664
The International Archives of the Photogrammetry, Remote Sensing and Spatial Information Sciences. Vol. XXXVII. Part Bib. Beijing 2008
Two framework prototypes were developed, one for lightweight
compact cameras and one for heavier single-lens reflex cameras.
Establishing temporal correspondences of the segmented
objects is an essential task for object tracking, especially for
scenes with heavy occlusions. One efficient approach is the
application of a Kalman-filter (Zhao & Nevatia, 2004;
Rosales & Sclaroff, 1998). Weaknesses of this approach appear
in the case of abrupt variation in speed or moving direction.
Improvements can be achieved by integration of microscopic
motion models for the objects, that are adapted to typical events
or positions in object space (Antonini et al., 2006).
Automatic extraction of additional attributes of humans, such as
gender and age, is a difficult pattern recognition problem, since
dressed persons have a big variety in shape and dress style, the
facial expression of individuals may change significantly
depending on mood, and variations in lighting conditions may
occur. So far this task was addressed only in few approaches.
In general these methods rely on high-resolution images of
faces or are analysing the gait of persons. The opportunity for
classifying the pedestrians by analysis of their gait is not given
in this case, because it requires continuous observation of the
whole body. In complex scenes this is not realizable.
Good results for gender classification of faces are reported by
Baluja & Rowley (2007). They are using AdaBoost and achieve
correctness over 90%. Lanitis et al. (2004) determine the age of
person with a variance of about 5 years. Both approaches
underlie the constraints of a close defined viewing angle,
uniform lighting conditions, and the absence of occlusions.

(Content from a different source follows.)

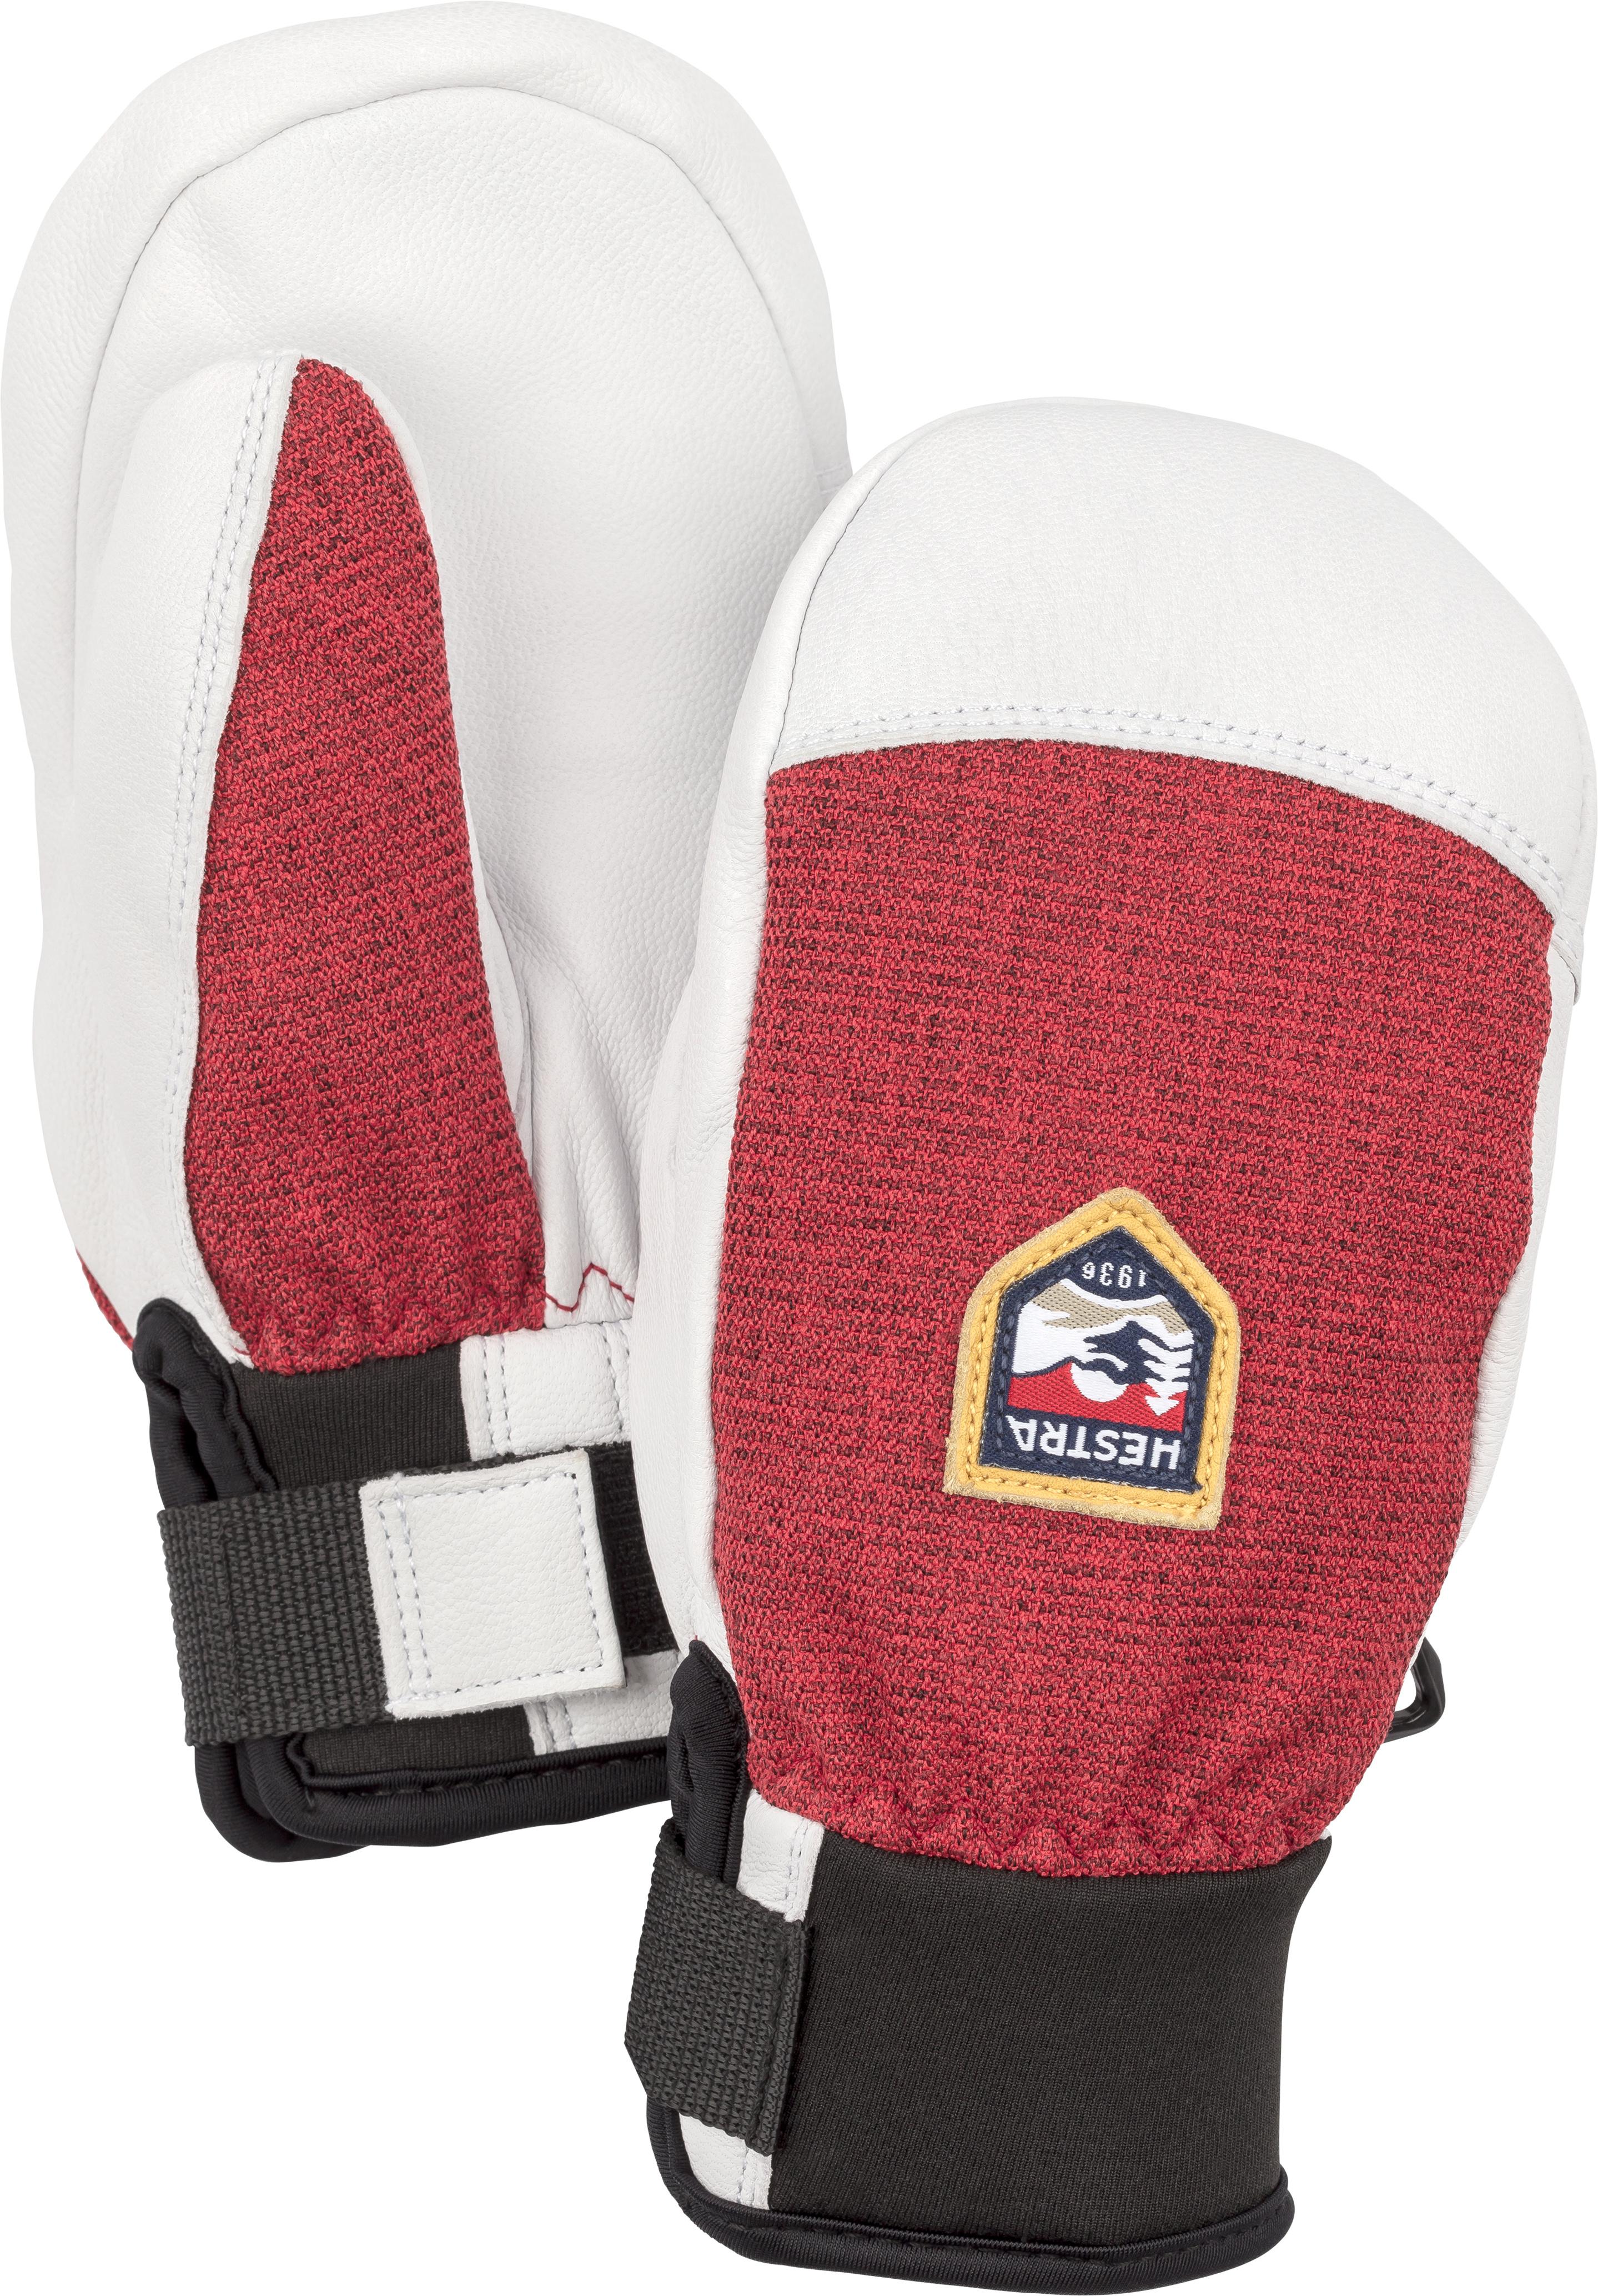 Hestra Army Leather Patrol Junior Mitt - Kid s 06458090231b

These constraints are not met in this project, because we have to
deal with wide and complex scenes. Individual pedestrians may
wear different kinds of clothing, can appear with arbitrary
orientation with respect to the camera, and differ in size and
shape. An automatic extraction of the features age and gender is
therefore hardly possible. Instead, a semi-automatic approach is
developed in which such decisions are made by an operator.
2. SYSTEM SET-UP
As described above, the system consists of two cameras. To
ensure, that both cameras cover the same area and have a
similar viewing angle, they were placed close to each other. The
first one, the observation camera, is a static video camera with
fixed interior and exterior orientation. For our initial
experiments we used a standard webcam with a resolution of
640*480 pixels. The second camera is a single-frame PTZ-
camera of higher geometric resolution. Due to the fact, that
common PTZ-cameras are video cameras with pal-resolution,
we developed own prototypes. These prototypes allow the use
of standard high-resolution single-frame cameras. The
frameworks of these prototypes were realized with Lego NXT.
The employment of Lego NXT for this task has two major
advantages: The framework can be adjusted on demand, so the
projection centre of the cameras was positioned into the origin
of the rotation axis. Furthermore, the control of motors for the
rotations can be realized in C++ Code.
Figure 1. Prototype for lightweight compact cameras.
3. WORKFLOW
The complete scene of interest is observed by the video camera.
Pedestrians appearing in the scene are detected and tracked in
the video stream. The positions of the individuals are
transformed from image to object space using projective
transformation. Based on the positions of the pedestrians in
object space the orientation parameters of the PTZ-camera are
computed and high resolution images of the tracked persons are
acquired. These high-resolution images are classified
interactively. In the following the major steps are described in
detail.
3.1 Video stream analysis
This project requires real-time analysis of the video stream for
pedestrian detection and tracking. We used the free available
OpenCV-library, which is implemented in C and C++ Code.
The library offers a broad range of computer vision functions
and allows an easy link to our PTZ-camera prototypes. For the
graphical user interface and to enable a continuous observation
of the scene in the video camera while acquiring images with
the PTZ-camera we used the Qt-library.
Background subtraction
In order to reduce the false positive rate, which usually is a
problem in different approaches for people detection in
complex scenes, background subtraction was chosen as first
step. In background subtraction the static background is
separated from all moving objects, which are segmented as
foreground. In the following only foreground pixels, which
contain the regions of interest for pedestrians, are examined.